Years later this interpretation feels wrong. It implies Cotto understood that there was something untoward about demanding catchweights, refusing to conduct interviews after losses, treating promoters like employees, and that these tactics were the intended means of revenge. But payback was never part of Cotto’s calculus. He simply understood his place in the sport, the leverage he wielded, and acted accordingly: seeking every advantage, and gaining most of them. Cotto was not a warrior—he was a mercenary. That mercenary conduct ran counter to the selectively invoked nobility of the “manly art” and Cotto’s reputation suffered for it. Granted, this is not much by way of a defense of Cotto’s conduct, but then, it is far more than he would ever care to offer.

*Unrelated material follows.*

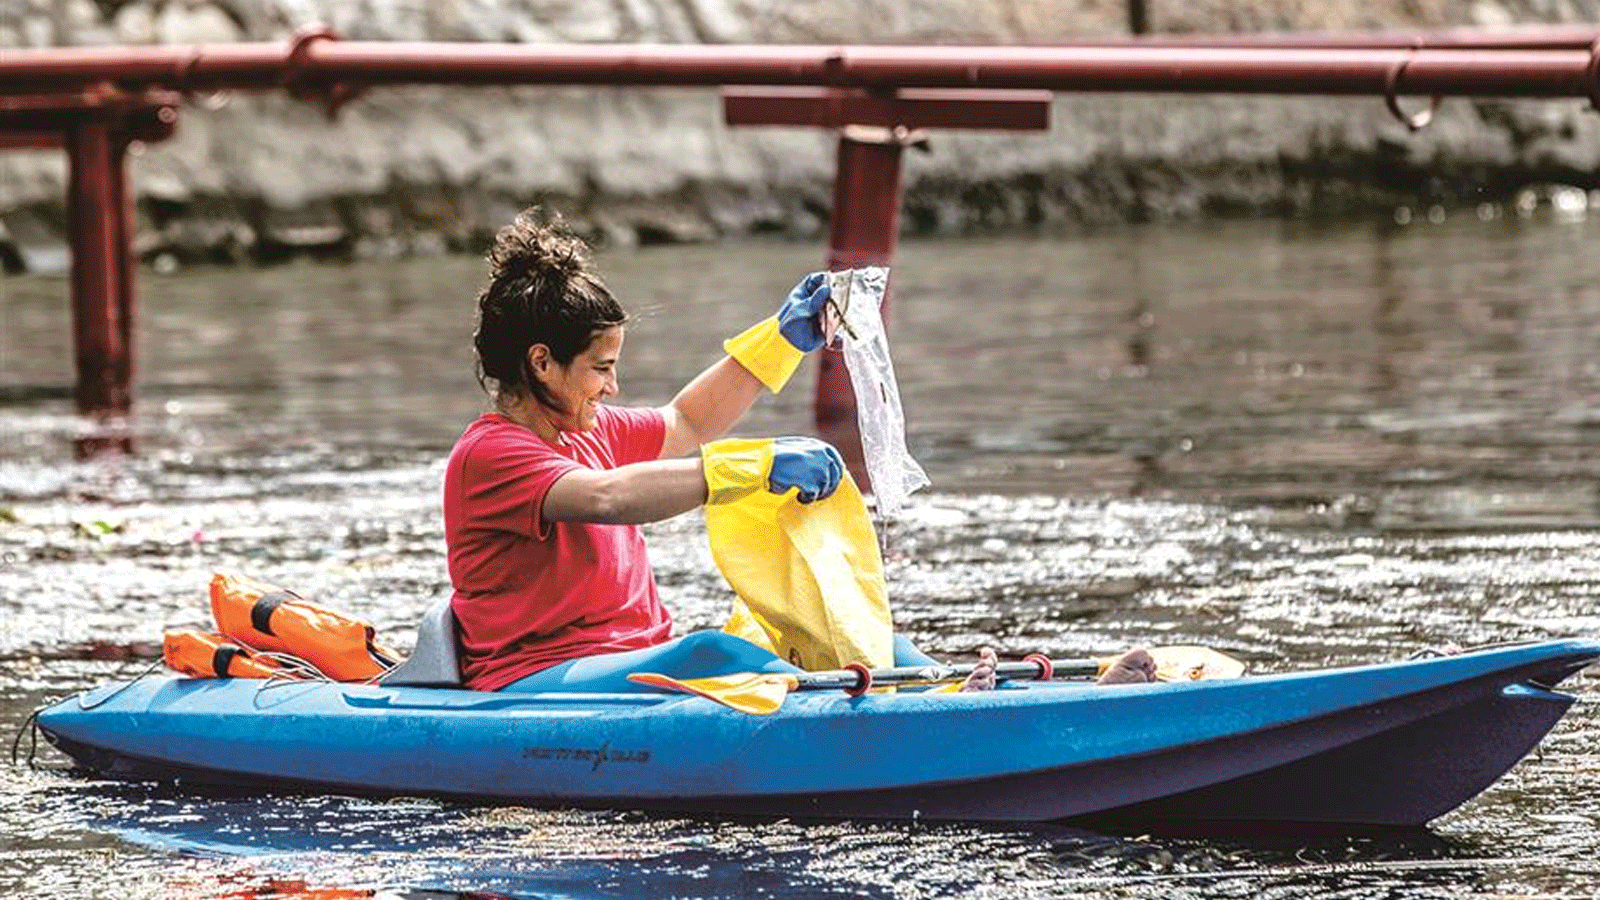 متطوعون يركبون قوارب الكاياك يشاركون في حملة لإزالة مخلفات المياه وتنظيفها في نهر النيل قبالة جزيرة المنيل في القاهرة في 7 مارس\آذار 2020

If it is a defense of Cotto that you want you need only ask yourself how he managed to achieve his industry leverage. The answer to that question forces you to examine the part of his career so strangely ignored: he made every fight the public could ask of him with the exception of one. Cotto, after giving Sergio Martinez a gold watch beating, perhaps should have fought Gennady Golovkin. Instead, he fought Saul Alvarez. Cotto was only ever going to make one of those fights because he was going to lose both. Forgive him then, for giving boxing’s most devoted supporters the fight they wanted.
But he lost so many of those signature fights, you say, as though this is only a criticism, as though there is not a rare compliment to be drawn from it. A greater attraction than he was a fighter, Cotto could have taken fewer risks than he did. Yet as Carlos Acevedo pointed out last week, he consistently imperiled himself, and in doing so left boxing better for his presence. His record shows losses to Margarito, Pacquiao, Alvarez, Floyd Mayweather Jr., Austin Trout, and Ali, and some dubious victories like his decisions over Shane Mosley and Joshua Clottey. Yet all but the Trout fight were worthy of your attention, and since one man cannot a compelling fight make, Cotto deserves credit for his part in that bloody bestowal. To ignore what he gave boxing with his fists, with his blood, or to consider his behavior beyond the ropes of comparable value to his conduct within them, is to take a jaundiced view of his career and deny the man what he earned.
What he earned over 16 years is all he deserves; no more, of course, but certainly no less. Whether he deserves a place in Canastota is a question that is only important if the answer matters to Cotto. Assuming it does, assume he’ll like the answer, and that plenty of people won’t.